The world's third-largest shipping giant: shipping prices are expected to cool down in the second half of the year

cls.cn ·  May 20 06:59

① Under the influence of the intensification of the Red Sea crisis and the recovery in European consumer demand, global shipping pressure has continued to rise recently, and the world's leading shipping companies have recently raised freight rates; ② The world's third-largest container shipping company, France's Dafei Shipping Company, predicts that as new ship deliveries accelerate, global shipping capacity will be boosted, and shipping freight rates are expected to decline in the future.

Financial Services Association, May 18 (Editor Liu Rui) Global shipping pressure has continued to rise recently due to the intensification of the Red Sea crisis and the recovery in European consumer demand. The world's leading shipping companies such as Maersk, Dafei, and Hapag-Lloyd have recently disclosed information on route price increases, covering routes from Asia to Europe, North America, and South America.

However, on Friday local time, the world's third-largest container shipping company, France's Dafei Shipping Company, predicted when announcing its first-quarter earnings report that as the speed of delivery of new ships accelerates, global shipping capacity will be boosted, and shipping costs are expected to decline in the future.

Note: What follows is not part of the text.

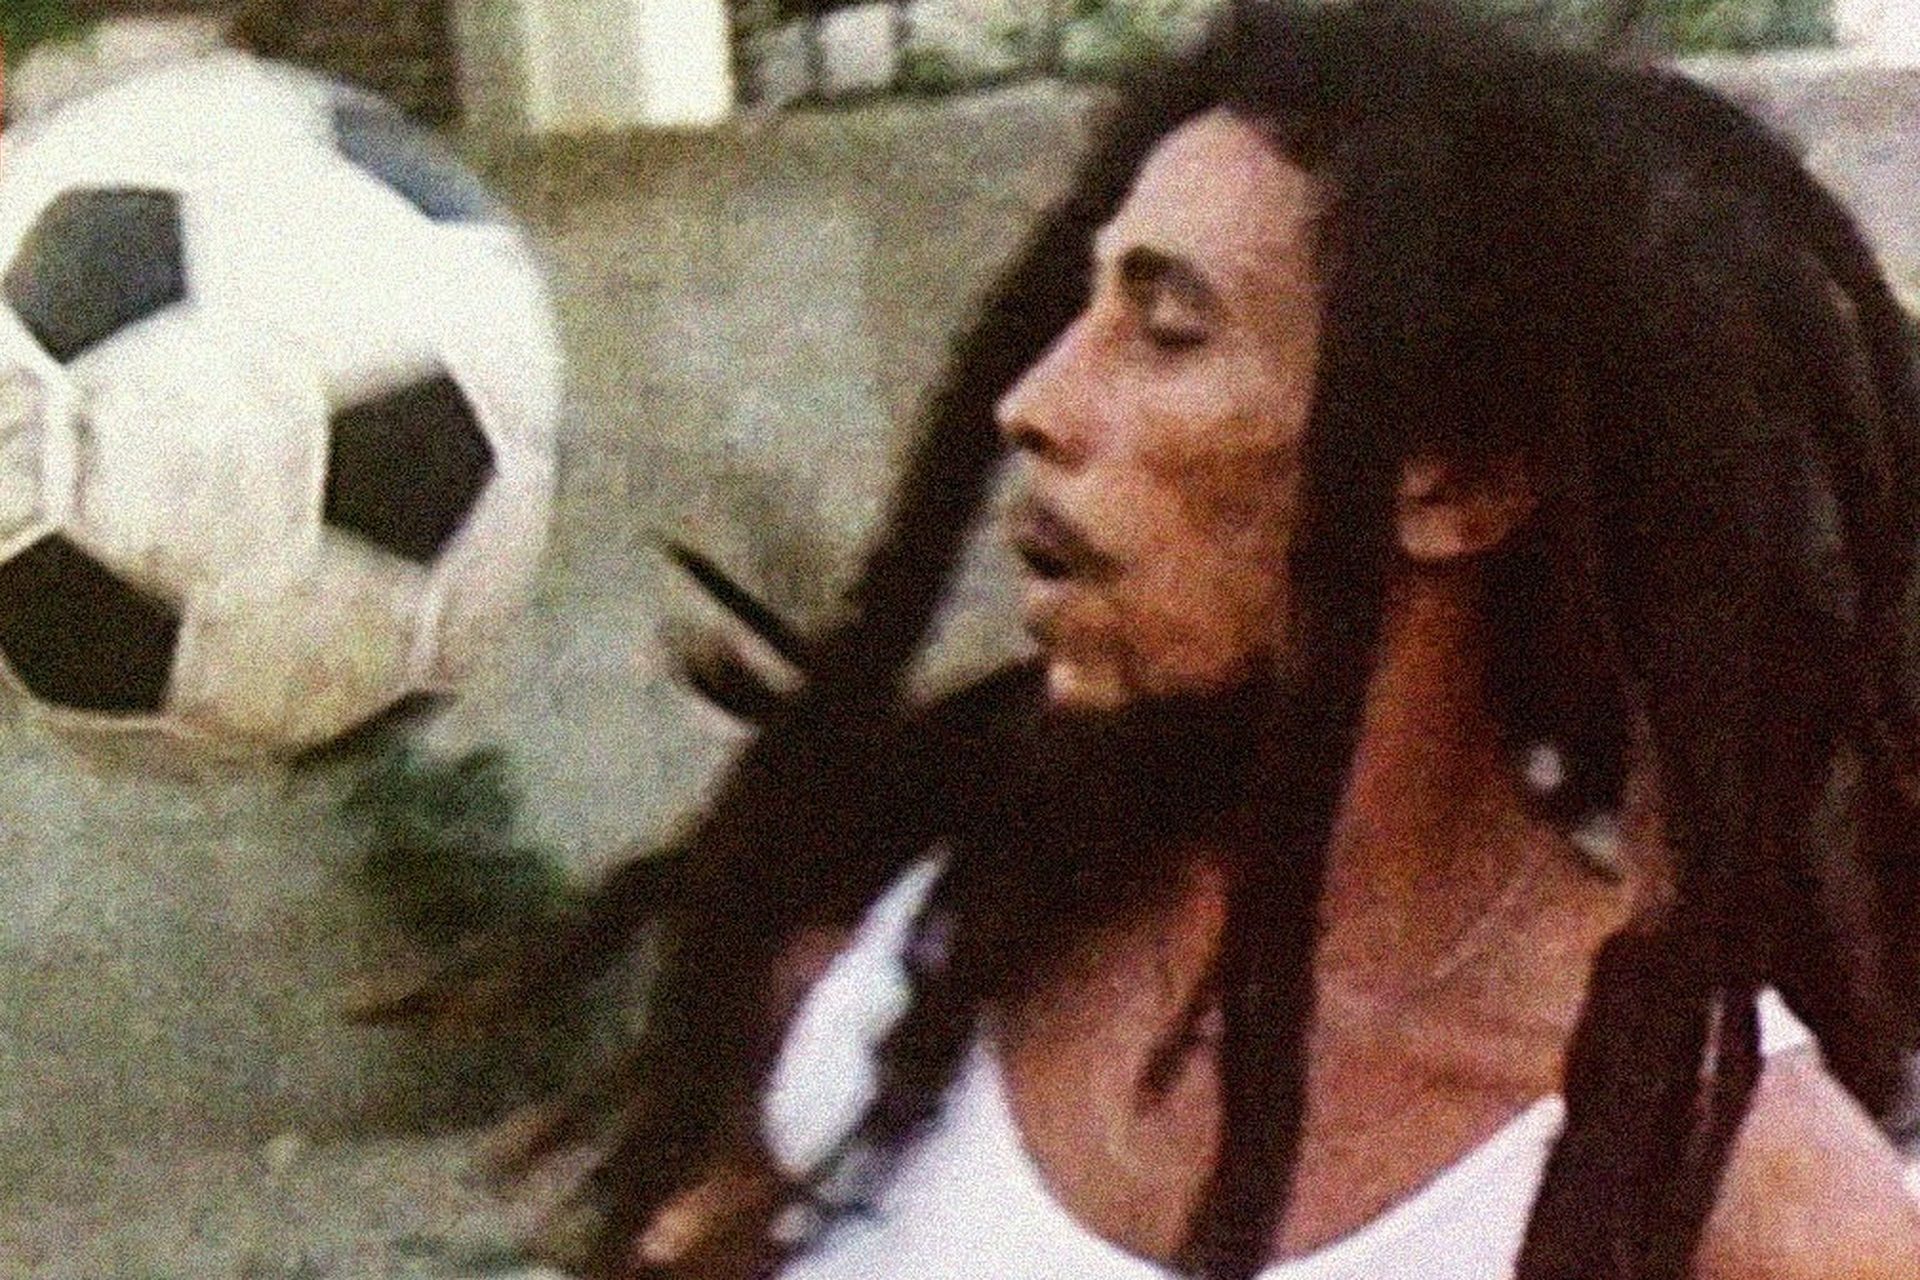 Bob Marley, calciatore professionista? Avrebbe potuto esserlo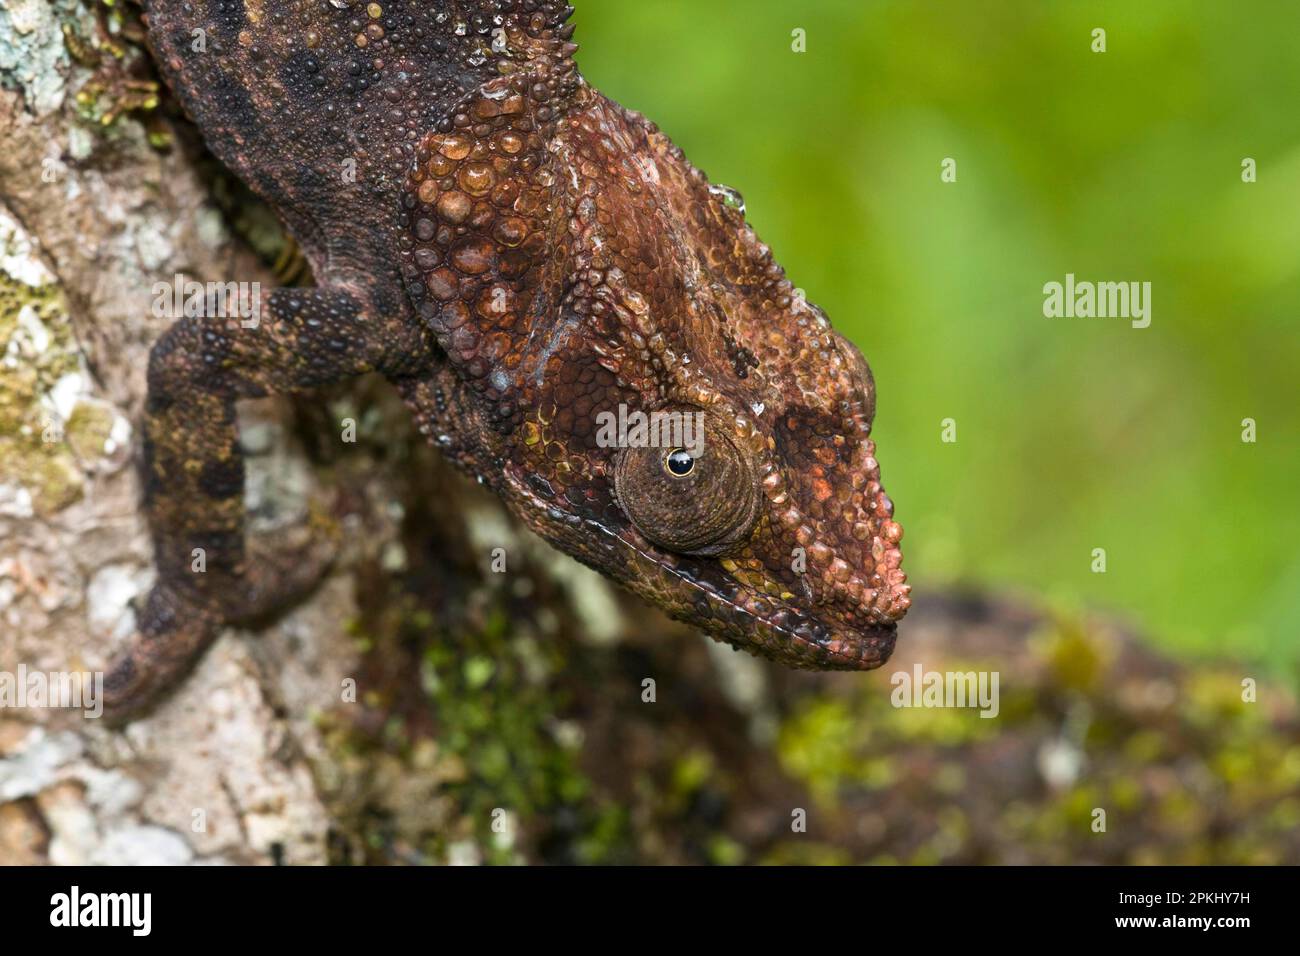 Short-horned chameleon (Calumma brevicorne), Andasibe, Madagascar Stock Photo

Shipping costs are expected to fall

Dafei Shipping Group wrote in the report that previously, due to the Red Sea turmoil, many ships were forced to be diverted, and freight demand was better than expected, causing global capacity to be tight for a while. But this probably won't last long.

The company's chief financial officer, Ramon Fernandez, said in a conference call: “The situation in the Red Sea has absorbed almost all of the new production capacity put on the market in the first quarter.”

He predicted that the upward pressure on freight rates due to regional conflicts and strong consumer demand “will decline in the second half of this year.”

In January of this year, as the risk of the situation in the Red Sea region intensified, global shipping prices soared for a while. Many ships traveling between Asia and Europe have been forced to make detours to the Cape of Good Hope, leading to an increase in shipping routes and a decrease in capacity.

Freight rates on many routes rose after the Red Sea crisis broke out
Freight rates on many routes rose after the Red Sea crisis broke out

However, capacity is gradually increasing as new ships purchased by major shipping companies are put into use.

Fernandes predicts that the global fleet will grow by 10% this year, and will also grow by about 7% in the future. “This will lead to overcapacity in the shipping industry.” , “The detour to the Cape of Good Hope will not be enough to absorb excess capacity.”

Seafaring capacity is expected to increase

According to financial reports released by Dafei Shipping, the company's profit for the first quarter was 785 million US dollars, a sharp drop from 2.01 billion US dollars in the same period last year.

The global shipping industry boomed in 2021 and 2022 due to the impact of the COVID-19 pandemic. At the time, freight prices soared for a while, and the profits of major shipping companies reached record highs.

With this windfall, Dafei and other shipping giants increased their orders for the previous two years, and these ships are now in service.

In addition to Dafei, Maersk, the world's second-largest container shipping company, also recently predicted that there will generally be excess global capacity in the second half of this year, which means freight rates will drop.

Editor/Somer

The translation is provided by third-party software.